**TASK GOAL**
Write out the listing below character for character, though without its pictures.

**DATASET CONTENT**

[Start of Attachment]

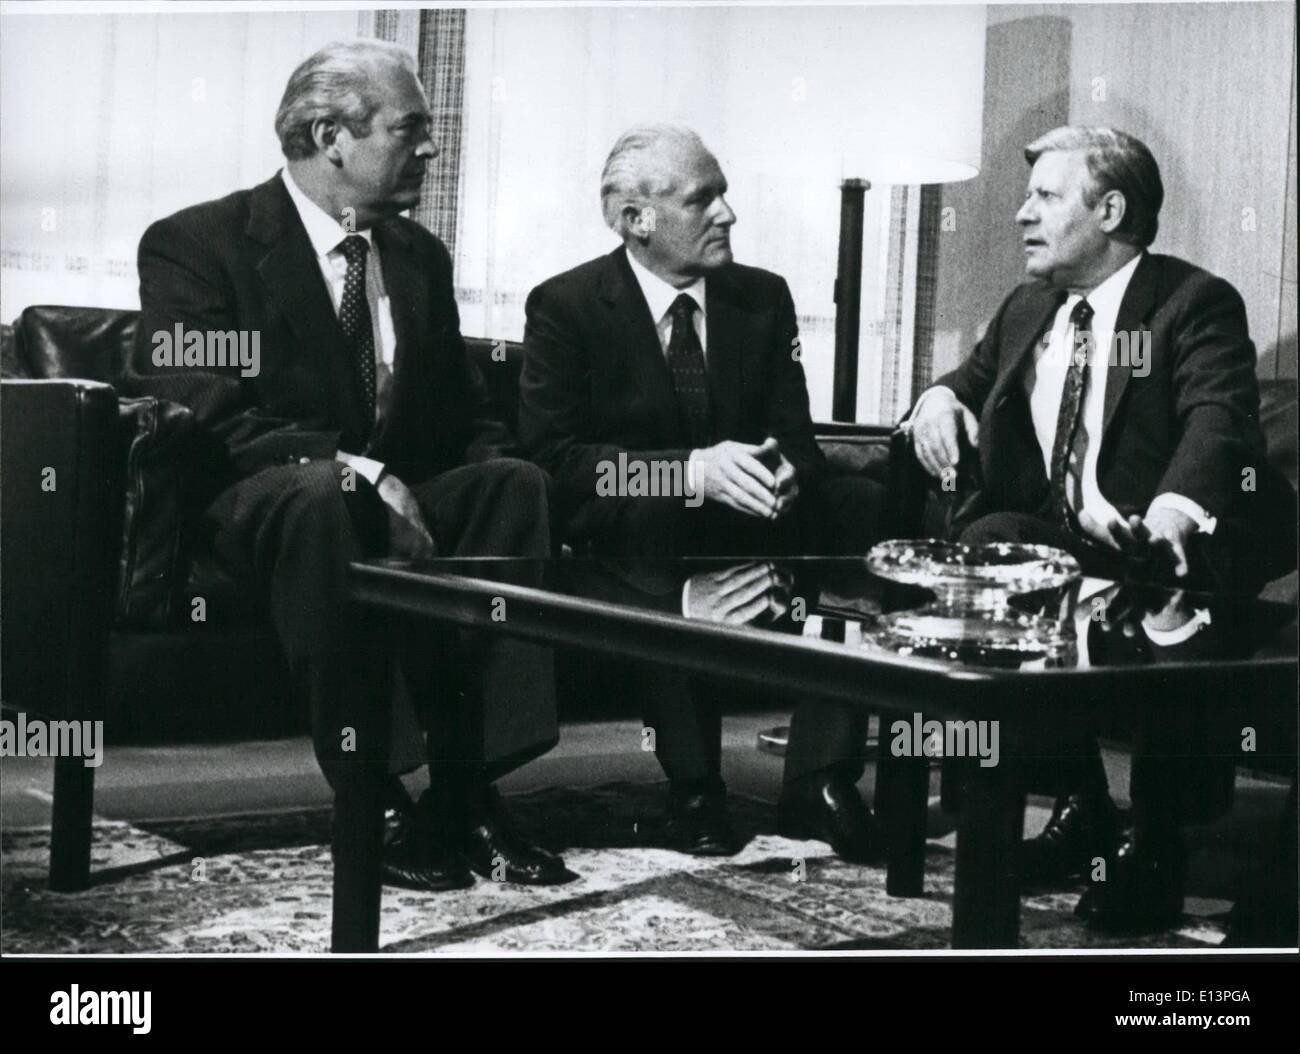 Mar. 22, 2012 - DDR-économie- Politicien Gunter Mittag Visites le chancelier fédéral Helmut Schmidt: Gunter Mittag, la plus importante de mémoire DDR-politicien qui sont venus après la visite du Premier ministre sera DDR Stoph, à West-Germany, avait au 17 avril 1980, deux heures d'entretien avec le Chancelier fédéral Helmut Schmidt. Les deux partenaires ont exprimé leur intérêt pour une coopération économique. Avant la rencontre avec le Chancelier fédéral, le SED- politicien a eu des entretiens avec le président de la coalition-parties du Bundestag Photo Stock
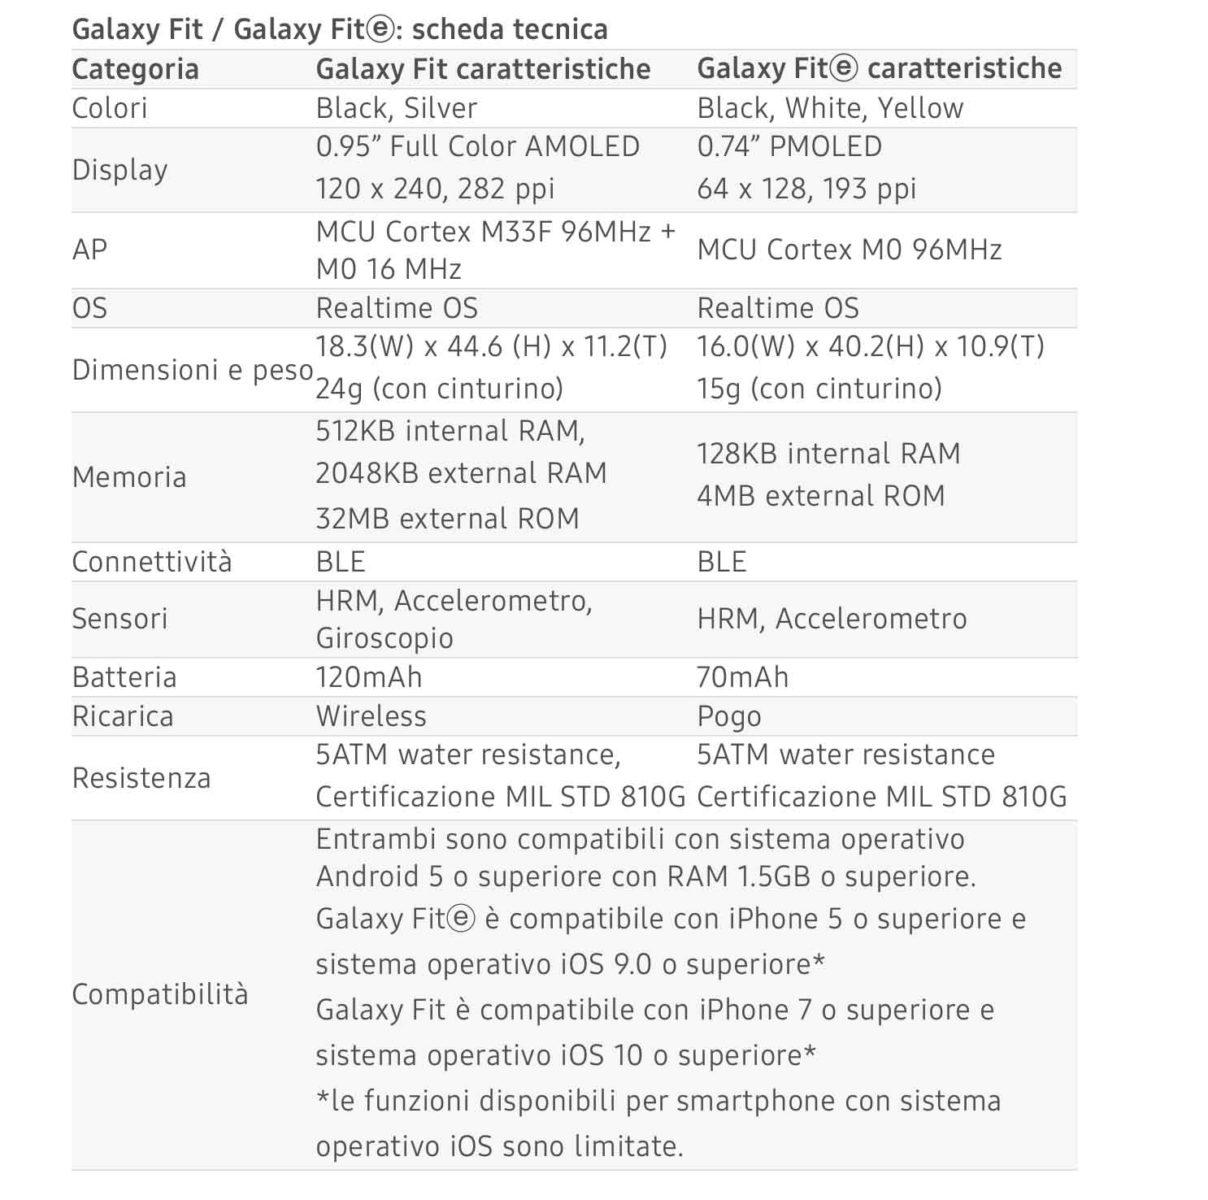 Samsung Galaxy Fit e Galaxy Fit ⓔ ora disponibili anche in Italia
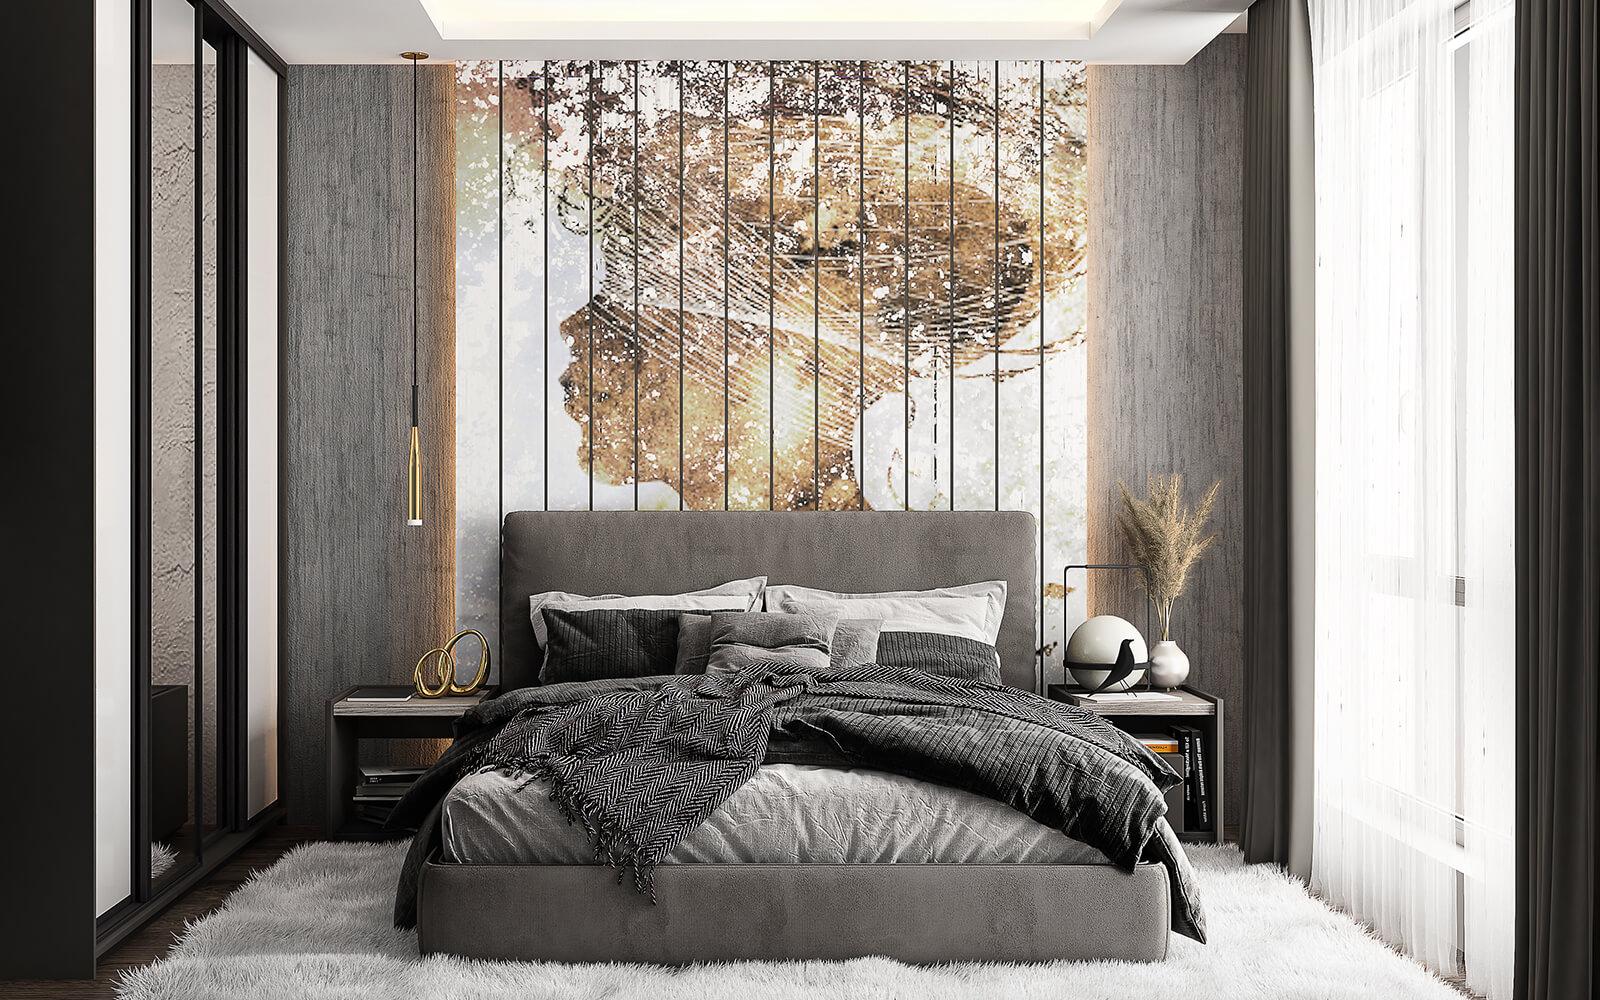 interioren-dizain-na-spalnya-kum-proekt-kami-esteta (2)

[End of Attachment]

**EXPECTED ANSWER**
 Mar. 22, 2012 - DDR-économie- Politicien Gunter Mittag Visites le chancelier fédéral Helmut Schmidt: Gunter Mittag, la plus importante de mémoire DDR-politicien qui sont venus après la visite du Premier ministre sera DDR Stoph, à West-Germany, avait au 17 avril 1980, deux heures d'entretien avec le Chancelier fédéral Helmut Schmidt. Les deux partenaires ont exprimé leur intérêt pour une coopération économique. Avant la rencontre avec le Chancelier fédéral, le SED- politicien a eu des entretiens avec le président de la coalition-parties du Bundestag Photo Stock
 Samsung Galaxy Fit e Galaxy Fit ⓔ ora disponibili anche in Italia
 interioren-dizain-na-spalnya-kum-proekt-kami-esteta (2)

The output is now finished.